→ AVAILABLE RECORDS
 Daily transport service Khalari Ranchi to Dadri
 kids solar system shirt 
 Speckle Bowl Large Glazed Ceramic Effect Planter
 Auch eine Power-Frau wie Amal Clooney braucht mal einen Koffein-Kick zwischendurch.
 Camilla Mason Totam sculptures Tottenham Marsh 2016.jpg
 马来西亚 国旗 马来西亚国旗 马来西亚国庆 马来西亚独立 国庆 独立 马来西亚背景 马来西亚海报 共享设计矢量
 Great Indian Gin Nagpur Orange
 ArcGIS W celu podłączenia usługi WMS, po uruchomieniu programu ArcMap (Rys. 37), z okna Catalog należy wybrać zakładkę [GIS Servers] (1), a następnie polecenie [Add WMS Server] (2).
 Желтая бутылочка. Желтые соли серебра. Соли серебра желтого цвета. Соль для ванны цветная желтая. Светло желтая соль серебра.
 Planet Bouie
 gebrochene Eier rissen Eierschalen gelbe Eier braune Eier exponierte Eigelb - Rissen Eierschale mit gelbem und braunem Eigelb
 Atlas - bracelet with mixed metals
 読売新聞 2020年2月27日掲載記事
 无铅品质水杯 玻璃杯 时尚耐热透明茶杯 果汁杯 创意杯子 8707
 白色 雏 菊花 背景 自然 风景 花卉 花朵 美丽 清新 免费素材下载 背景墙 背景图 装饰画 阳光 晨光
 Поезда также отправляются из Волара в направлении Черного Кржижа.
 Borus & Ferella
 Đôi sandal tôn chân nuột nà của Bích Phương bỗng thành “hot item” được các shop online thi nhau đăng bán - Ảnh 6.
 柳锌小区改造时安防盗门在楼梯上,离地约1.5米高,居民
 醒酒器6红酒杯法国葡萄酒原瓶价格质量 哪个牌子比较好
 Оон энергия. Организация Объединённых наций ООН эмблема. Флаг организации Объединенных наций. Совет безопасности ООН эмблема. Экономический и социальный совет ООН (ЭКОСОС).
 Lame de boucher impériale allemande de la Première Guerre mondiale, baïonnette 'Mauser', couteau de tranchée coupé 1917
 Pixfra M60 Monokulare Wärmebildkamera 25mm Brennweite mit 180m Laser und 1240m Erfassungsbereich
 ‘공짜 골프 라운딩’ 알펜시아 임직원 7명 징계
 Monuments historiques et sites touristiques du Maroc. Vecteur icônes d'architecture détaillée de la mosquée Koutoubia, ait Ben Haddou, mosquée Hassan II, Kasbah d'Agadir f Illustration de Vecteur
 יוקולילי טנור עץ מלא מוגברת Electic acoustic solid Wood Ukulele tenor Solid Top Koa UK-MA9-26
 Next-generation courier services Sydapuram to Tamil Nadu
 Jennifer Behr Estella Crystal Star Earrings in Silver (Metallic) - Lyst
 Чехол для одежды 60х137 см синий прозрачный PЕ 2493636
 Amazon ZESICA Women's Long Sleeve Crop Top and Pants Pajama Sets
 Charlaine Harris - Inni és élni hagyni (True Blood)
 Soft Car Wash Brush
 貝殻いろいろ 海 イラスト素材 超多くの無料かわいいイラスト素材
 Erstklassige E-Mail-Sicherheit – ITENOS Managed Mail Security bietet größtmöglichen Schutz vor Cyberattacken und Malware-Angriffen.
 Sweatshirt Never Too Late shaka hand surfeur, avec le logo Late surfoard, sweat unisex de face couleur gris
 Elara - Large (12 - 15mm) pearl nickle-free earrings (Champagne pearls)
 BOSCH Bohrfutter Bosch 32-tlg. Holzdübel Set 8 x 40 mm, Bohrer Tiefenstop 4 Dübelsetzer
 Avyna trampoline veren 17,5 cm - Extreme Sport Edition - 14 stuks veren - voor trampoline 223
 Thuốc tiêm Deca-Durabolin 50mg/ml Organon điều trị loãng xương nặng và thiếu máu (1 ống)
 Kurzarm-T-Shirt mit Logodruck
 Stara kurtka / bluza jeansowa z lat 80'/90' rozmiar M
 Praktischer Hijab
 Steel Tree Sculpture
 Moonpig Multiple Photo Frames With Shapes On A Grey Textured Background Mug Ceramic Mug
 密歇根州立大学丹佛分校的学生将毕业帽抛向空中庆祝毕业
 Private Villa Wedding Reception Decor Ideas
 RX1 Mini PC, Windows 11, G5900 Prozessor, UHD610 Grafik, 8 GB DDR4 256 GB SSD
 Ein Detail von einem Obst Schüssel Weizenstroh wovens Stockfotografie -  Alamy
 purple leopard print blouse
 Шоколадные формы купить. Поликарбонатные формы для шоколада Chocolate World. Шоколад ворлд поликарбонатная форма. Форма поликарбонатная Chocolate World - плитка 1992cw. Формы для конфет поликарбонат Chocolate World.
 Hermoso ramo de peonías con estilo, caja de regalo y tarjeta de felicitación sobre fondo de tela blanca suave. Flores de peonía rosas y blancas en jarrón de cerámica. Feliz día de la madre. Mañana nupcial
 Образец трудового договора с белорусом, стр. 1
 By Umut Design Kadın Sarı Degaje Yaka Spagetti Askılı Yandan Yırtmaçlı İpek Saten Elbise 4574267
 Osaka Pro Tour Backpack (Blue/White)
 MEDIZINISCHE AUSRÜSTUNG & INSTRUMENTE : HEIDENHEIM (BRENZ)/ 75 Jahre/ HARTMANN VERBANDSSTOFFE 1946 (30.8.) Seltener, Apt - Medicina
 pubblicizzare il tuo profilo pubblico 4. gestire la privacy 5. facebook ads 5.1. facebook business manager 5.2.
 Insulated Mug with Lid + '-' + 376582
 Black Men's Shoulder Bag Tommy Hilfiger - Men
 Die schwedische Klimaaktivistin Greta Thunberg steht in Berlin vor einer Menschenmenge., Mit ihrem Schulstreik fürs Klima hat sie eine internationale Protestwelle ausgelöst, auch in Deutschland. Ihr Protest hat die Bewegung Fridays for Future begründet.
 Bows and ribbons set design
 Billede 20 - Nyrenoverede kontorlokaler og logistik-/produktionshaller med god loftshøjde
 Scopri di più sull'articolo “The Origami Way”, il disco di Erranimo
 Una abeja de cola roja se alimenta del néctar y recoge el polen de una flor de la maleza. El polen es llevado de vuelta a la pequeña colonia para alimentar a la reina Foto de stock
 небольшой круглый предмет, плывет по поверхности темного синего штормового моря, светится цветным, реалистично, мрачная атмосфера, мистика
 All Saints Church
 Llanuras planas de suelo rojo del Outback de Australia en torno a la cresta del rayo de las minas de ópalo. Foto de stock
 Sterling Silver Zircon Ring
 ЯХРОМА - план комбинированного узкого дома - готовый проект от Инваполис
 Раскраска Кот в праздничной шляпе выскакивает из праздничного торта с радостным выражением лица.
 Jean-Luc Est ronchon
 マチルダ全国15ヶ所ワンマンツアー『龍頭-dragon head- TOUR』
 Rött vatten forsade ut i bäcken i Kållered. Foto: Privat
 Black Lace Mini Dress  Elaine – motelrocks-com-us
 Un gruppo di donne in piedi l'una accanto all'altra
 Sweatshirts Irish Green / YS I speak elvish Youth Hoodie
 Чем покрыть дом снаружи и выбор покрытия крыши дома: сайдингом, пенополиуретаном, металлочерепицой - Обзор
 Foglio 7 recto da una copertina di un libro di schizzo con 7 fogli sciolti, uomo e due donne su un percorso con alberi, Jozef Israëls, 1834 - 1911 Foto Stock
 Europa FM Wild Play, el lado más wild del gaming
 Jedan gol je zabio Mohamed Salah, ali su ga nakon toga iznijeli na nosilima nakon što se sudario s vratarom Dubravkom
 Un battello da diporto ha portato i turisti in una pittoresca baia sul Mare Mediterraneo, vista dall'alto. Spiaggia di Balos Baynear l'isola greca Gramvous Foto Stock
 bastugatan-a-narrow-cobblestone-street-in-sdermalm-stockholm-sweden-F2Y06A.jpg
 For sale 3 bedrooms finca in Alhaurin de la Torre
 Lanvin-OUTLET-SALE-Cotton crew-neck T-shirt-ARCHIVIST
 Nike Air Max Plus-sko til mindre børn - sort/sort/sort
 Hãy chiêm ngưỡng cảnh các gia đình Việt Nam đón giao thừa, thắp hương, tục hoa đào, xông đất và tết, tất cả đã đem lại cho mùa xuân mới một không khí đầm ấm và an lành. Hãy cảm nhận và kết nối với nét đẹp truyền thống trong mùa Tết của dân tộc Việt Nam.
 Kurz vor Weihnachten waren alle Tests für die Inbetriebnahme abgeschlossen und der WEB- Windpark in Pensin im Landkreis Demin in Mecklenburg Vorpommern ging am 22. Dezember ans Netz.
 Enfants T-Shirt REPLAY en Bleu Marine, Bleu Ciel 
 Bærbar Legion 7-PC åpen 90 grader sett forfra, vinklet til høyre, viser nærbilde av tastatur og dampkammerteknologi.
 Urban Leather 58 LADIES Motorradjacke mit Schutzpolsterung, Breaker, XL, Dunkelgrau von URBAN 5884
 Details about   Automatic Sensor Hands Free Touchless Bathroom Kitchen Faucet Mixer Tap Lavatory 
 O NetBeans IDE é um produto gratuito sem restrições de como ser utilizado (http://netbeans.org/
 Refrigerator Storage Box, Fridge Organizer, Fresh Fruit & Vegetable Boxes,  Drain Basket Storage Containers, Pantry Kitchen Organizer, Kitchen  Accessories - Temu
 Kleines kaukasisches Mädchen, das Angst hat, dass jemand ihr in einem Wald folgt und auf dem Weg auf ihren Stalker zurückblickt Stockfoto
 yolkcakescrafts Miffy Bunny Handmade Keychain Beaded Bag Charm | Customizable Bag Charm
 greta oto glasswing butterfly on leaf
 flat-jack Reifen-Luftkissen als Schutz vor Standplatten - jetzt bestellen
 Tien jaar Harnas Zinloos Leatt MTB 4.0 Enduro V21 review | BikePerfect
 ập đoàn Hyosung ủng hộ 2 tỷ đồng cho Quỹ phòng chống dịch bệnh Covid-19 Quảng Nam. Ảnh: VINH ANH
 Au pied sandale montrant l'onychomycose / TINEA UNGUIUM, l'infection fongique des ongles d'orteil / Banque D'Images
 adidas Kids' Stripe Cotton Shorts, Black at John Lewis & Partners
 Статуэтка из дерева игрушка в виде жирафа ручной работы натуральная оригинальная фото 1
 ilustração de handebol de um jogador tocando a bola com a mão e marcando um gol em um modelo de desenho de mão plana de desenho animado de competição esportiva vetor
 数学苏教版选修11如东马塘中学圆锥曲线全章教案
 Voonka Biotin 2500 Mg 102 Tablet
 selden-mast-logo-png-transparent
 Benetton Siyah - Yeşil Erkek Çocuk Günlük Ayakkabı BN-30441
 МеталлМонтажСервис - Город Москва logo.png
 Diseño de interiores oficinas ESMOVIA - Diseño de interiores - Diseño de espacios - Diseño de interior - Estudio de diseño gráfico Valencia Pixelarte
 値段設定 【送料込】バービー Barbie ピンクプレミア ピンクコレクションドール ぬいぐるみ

→ AIM OF THE EXERCISE
The string "Black" appears in some lines of the material. Report how many, and nothing more.

→ REPLY
3